Introduction to Pandas Histograms

Histograms are a powerful tool for analyzing the distribution of data. Plots like histograms that characterize the distribution of individual variables or features are vital for data analysis because they help reveal patterns in the input data. Pandas DataFrames that contain our data come pre-equipped with methods for creating histograms, making preparation and presentation easy.

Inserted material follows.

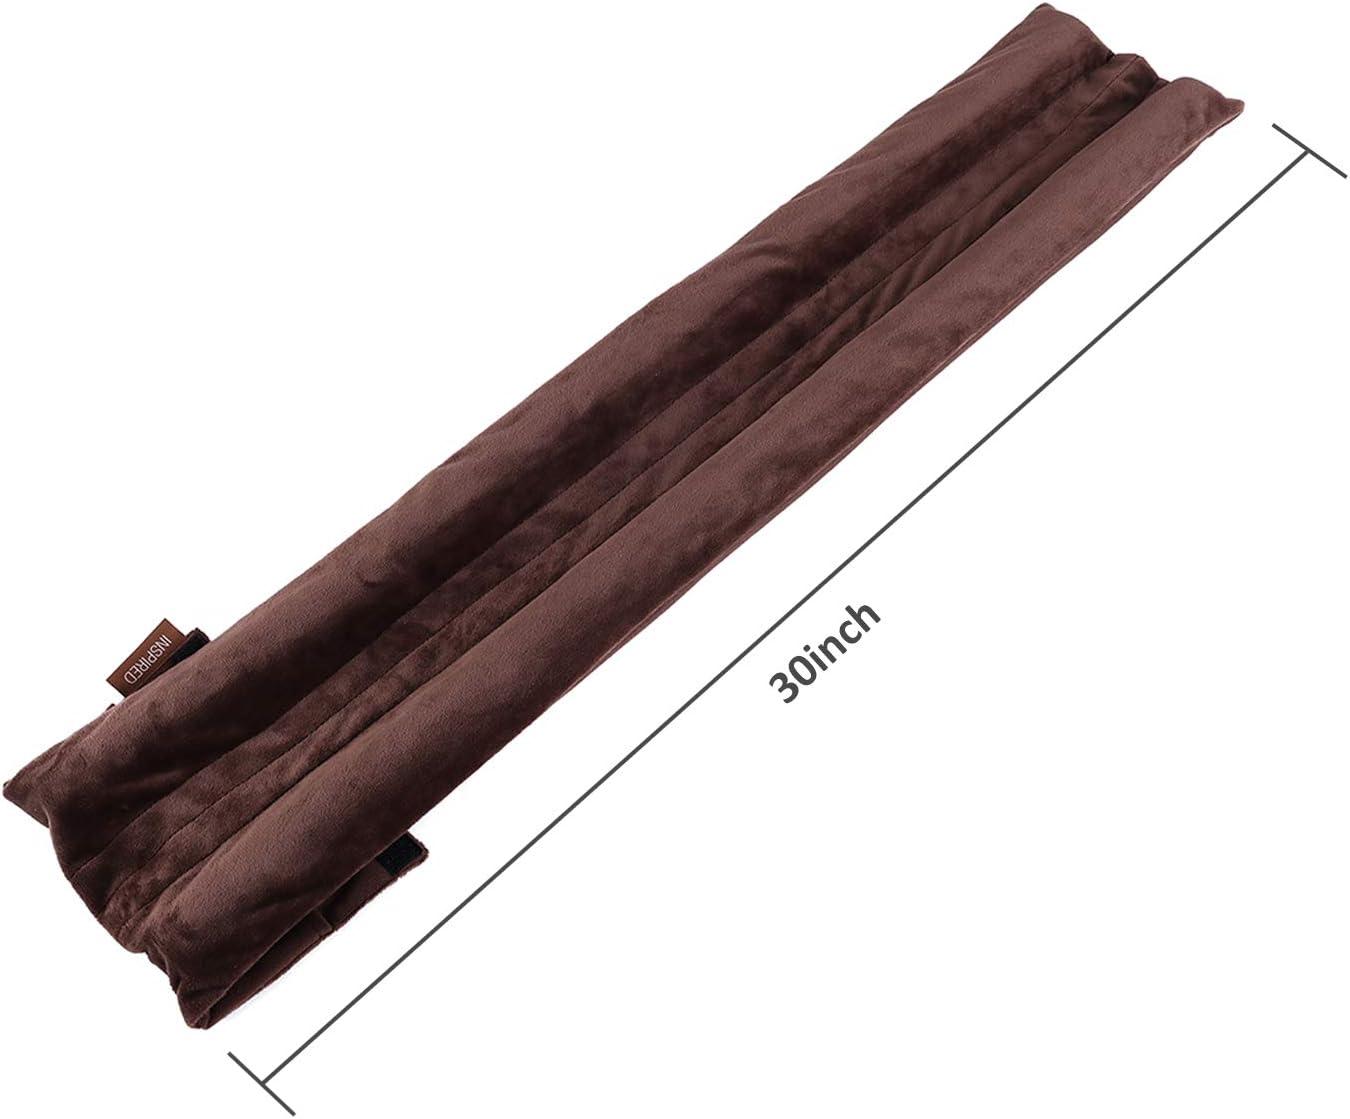 VISEMAN Zugluftstopper f/ür T/ür bis 76,2 cm Coffee verstellbar
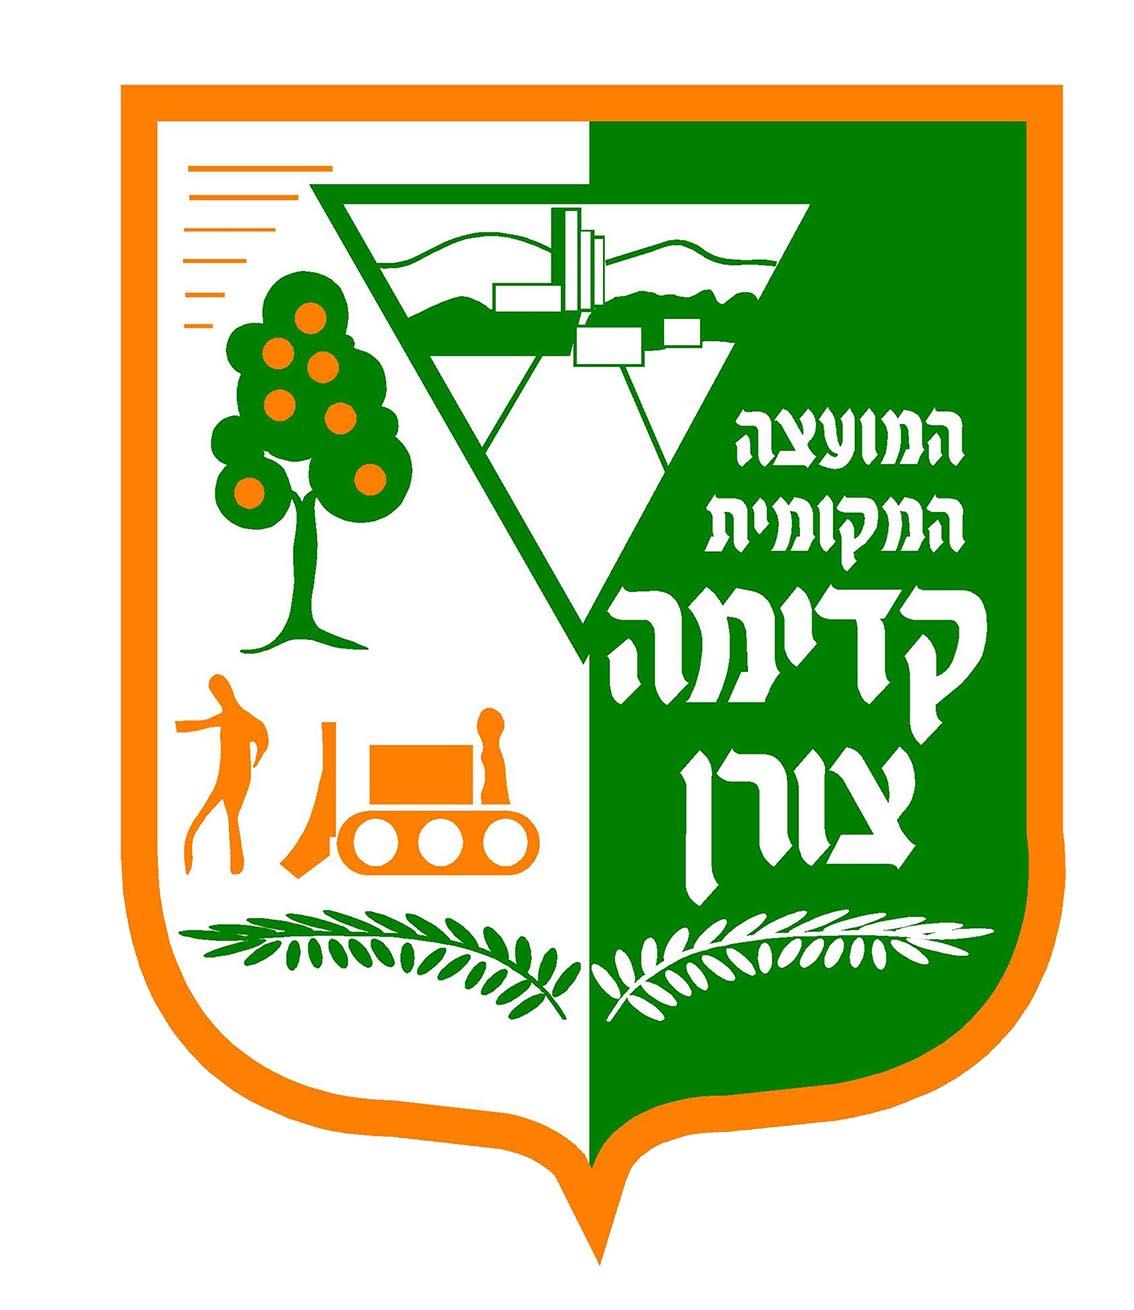 לוגו מועצה מקומית קדימה צורן

We can create histograms from Pandas DataFrames using the pandas.DataFrame.hist DataFrame method, which is a sub-method of pandas.DataFrame.plot. Pandas uses the Python module Matplotlib to create and render all plots, and each plotting method from pandas.DataFrame.plot takes optional arguments that are passed to the Matplotlib functions. In this tutorial, we will cover the essential tools and options for plotting histograms from Pandas DataFrames, but you should be aware that many more options (e.g. plot color, orientation, size, etc.) are available to be passed to the Matplotlib via pandas.DataFrame.plot.hist.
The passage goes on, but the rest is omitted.